Exercise objective: Among the entries below, find the line with "世界 读书 日 原创 手绘" and the line with "Nguyễn Thị Hoa". Return exactly those lines and every line between them, but no pictures.

Records to process:
*** Begin section ***

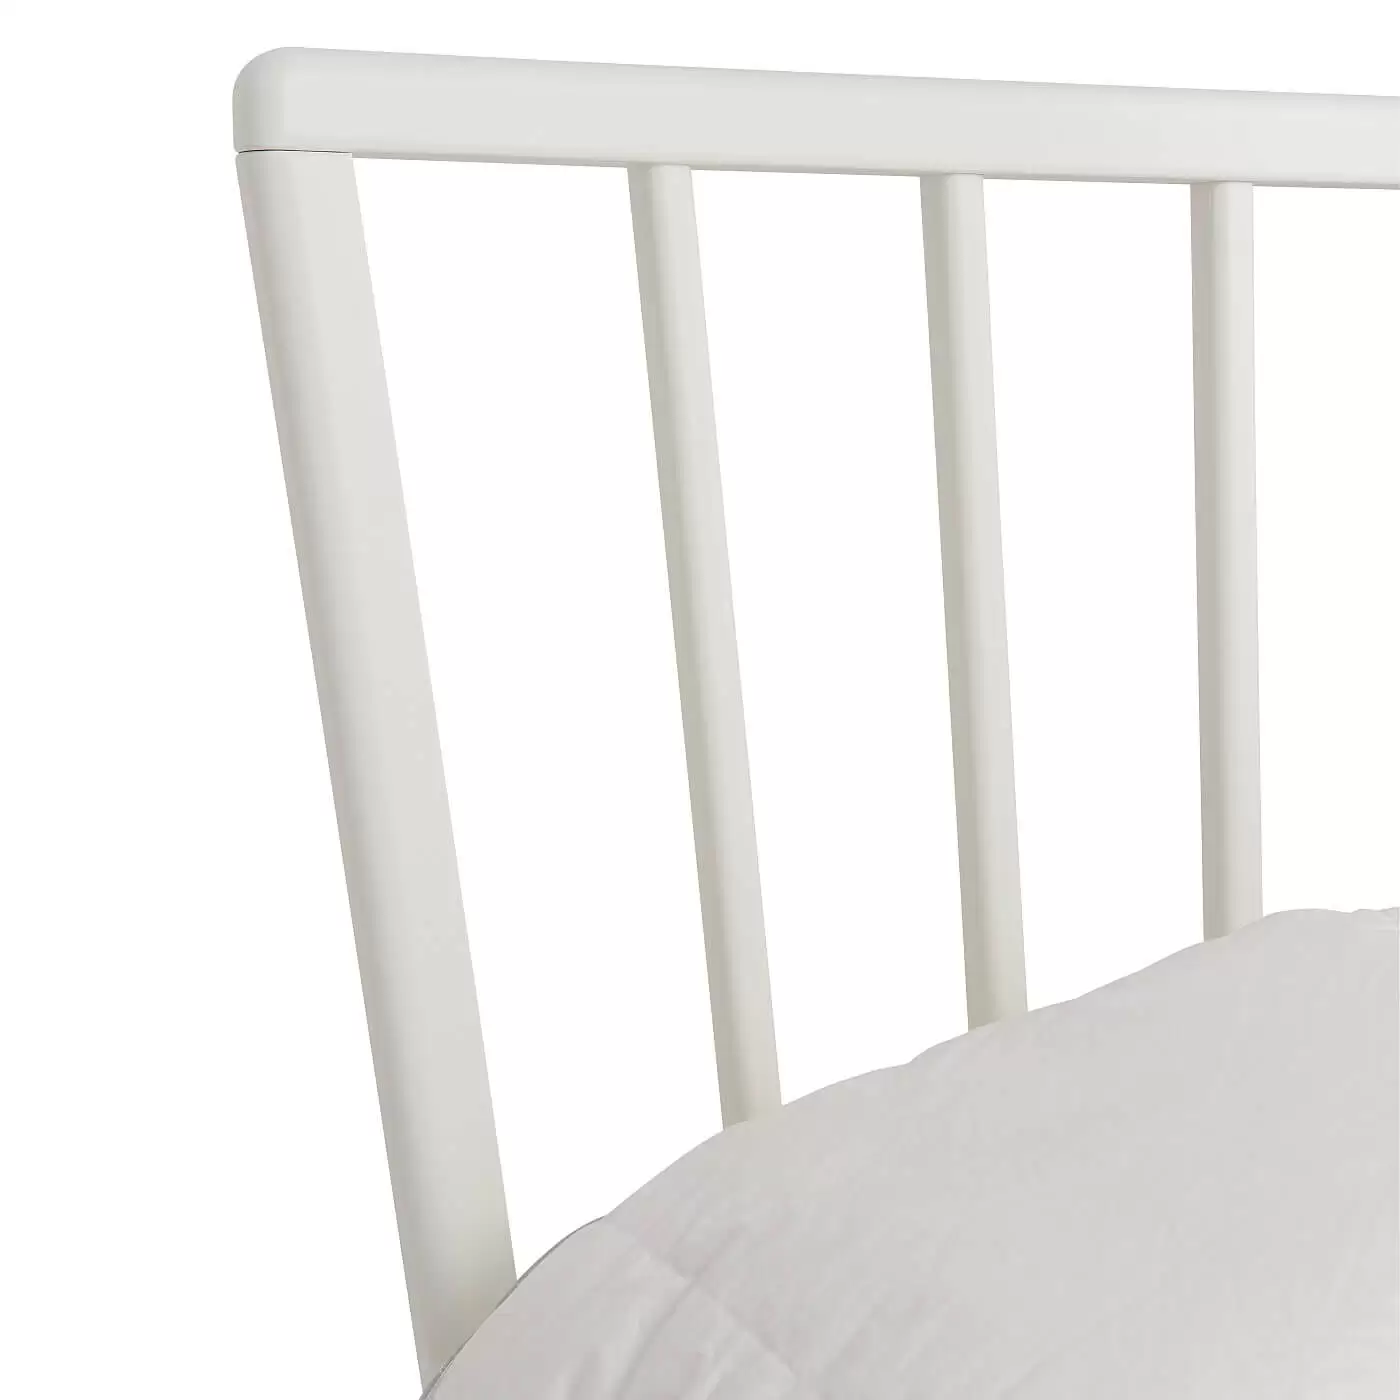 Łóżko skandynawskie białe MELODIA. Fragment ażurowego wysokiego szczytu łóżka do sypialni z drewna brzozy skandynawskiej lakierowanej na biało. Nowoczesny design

*** End section ***
*** Begin section ***

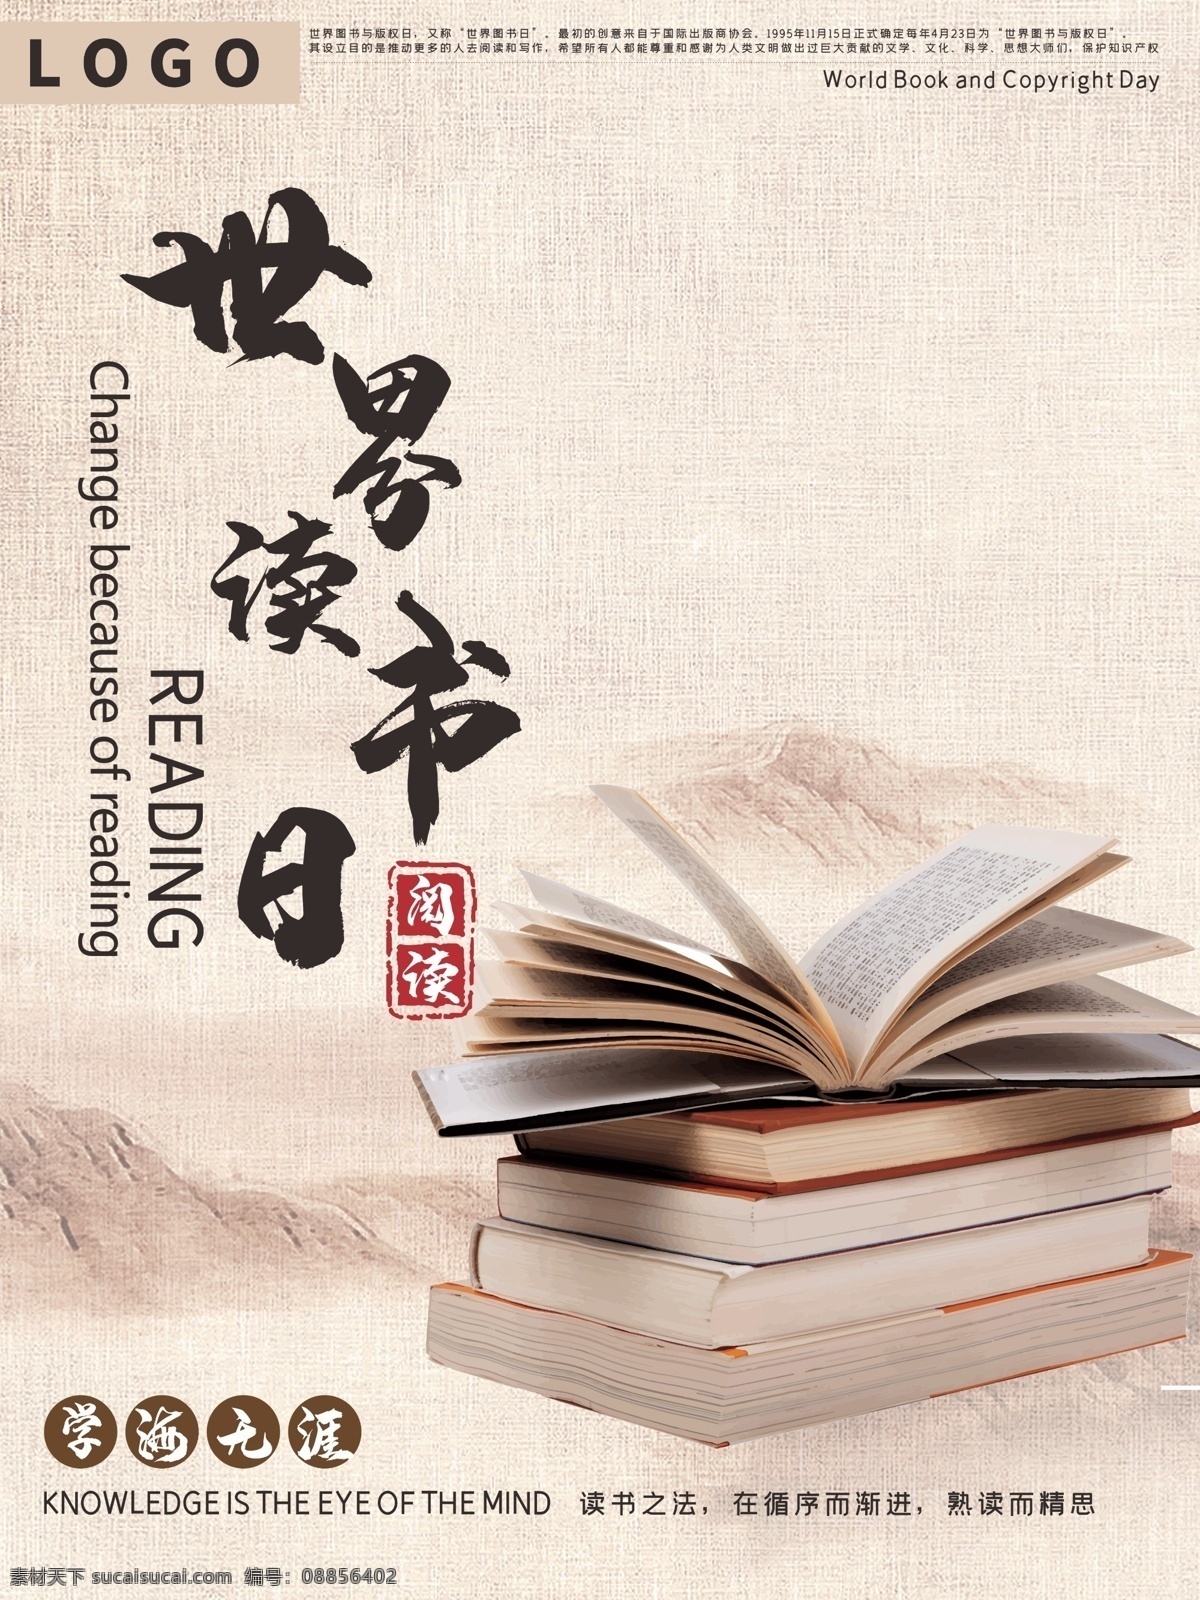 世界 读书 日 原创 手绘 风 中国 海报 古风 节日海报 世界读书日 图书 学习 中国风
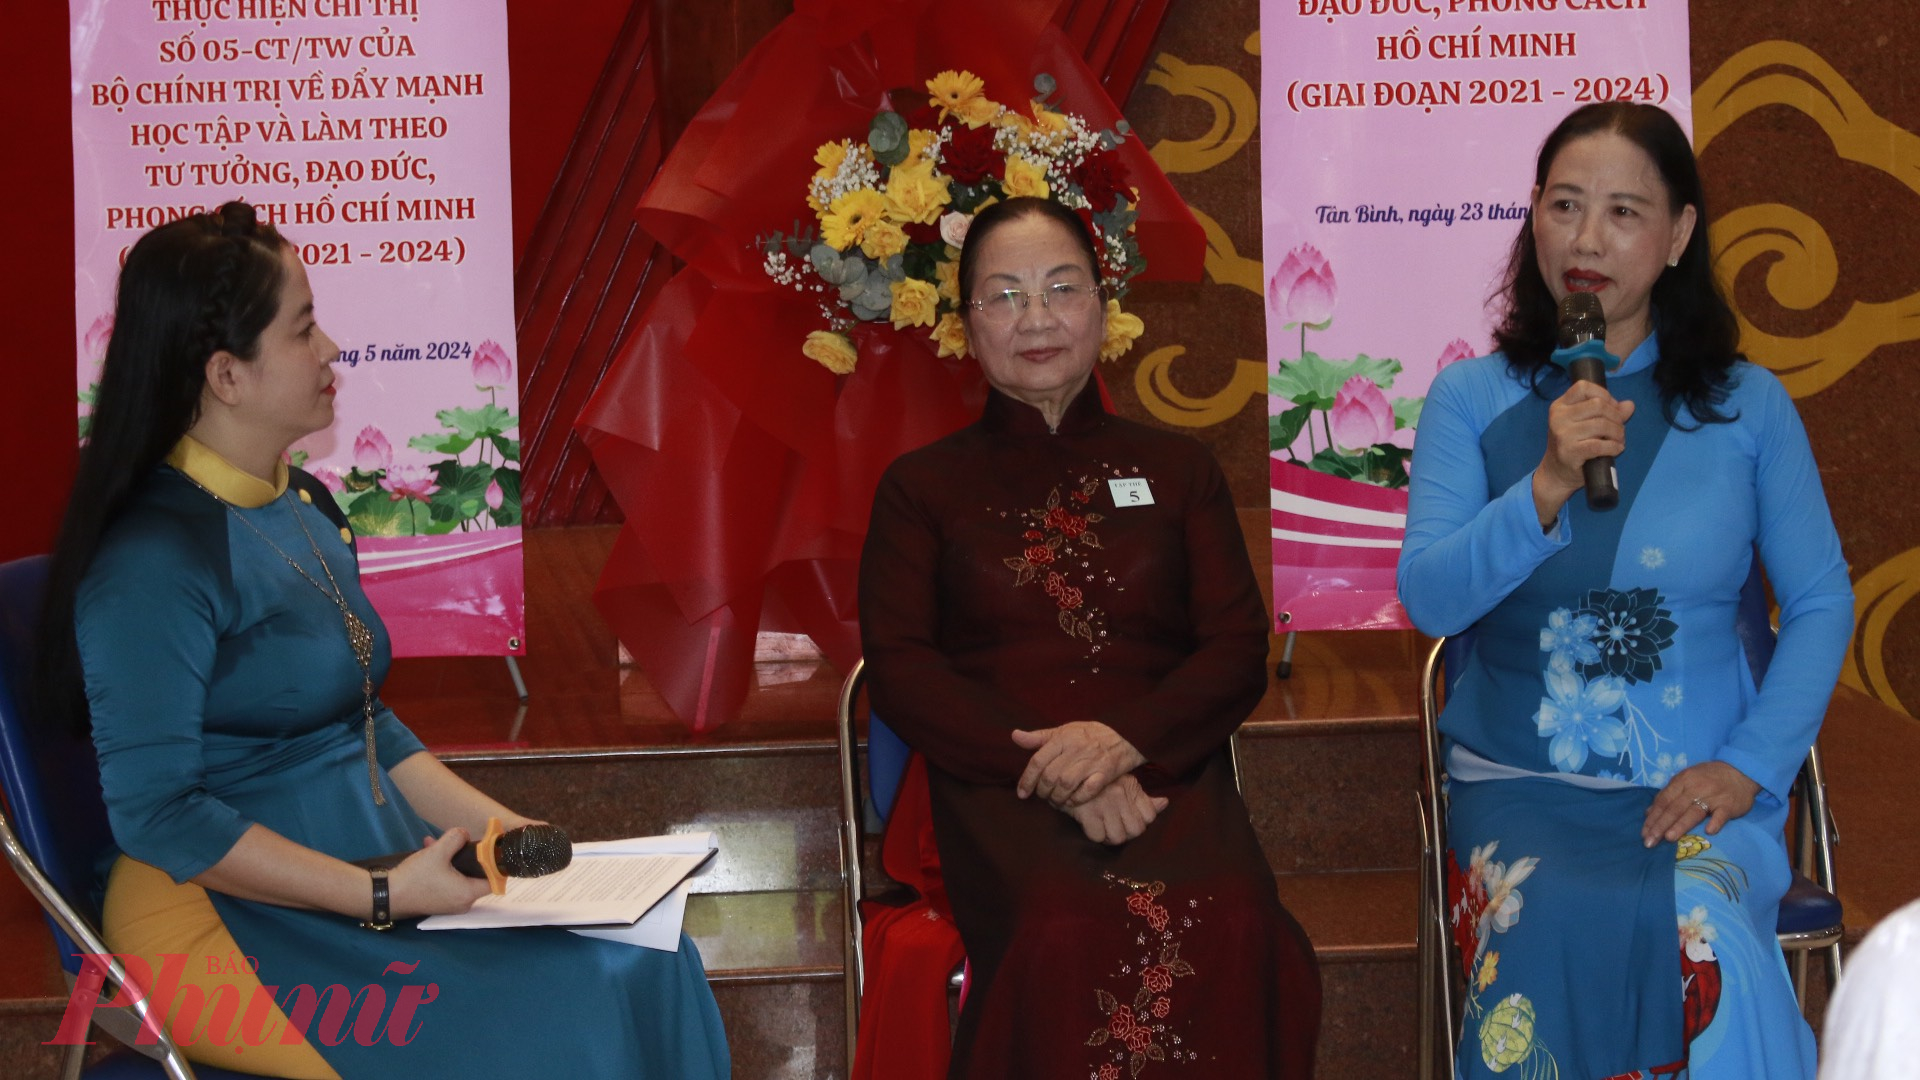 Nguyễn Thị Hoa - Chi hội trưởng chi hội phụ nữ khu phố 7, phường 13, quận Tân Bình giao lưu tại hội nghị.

*** End section ***

Exercise answer:
 世界 读书 日 原创 手绘 风 中国 海报 古风 节日海报 世界读书日 图书 学习 中国风
 Nguyễn Thị Hoa - Chi hội trưởng chi hội phụ nữ khu phố 7, phường 13, quận Tân Bình giao lưu tại hội nghị.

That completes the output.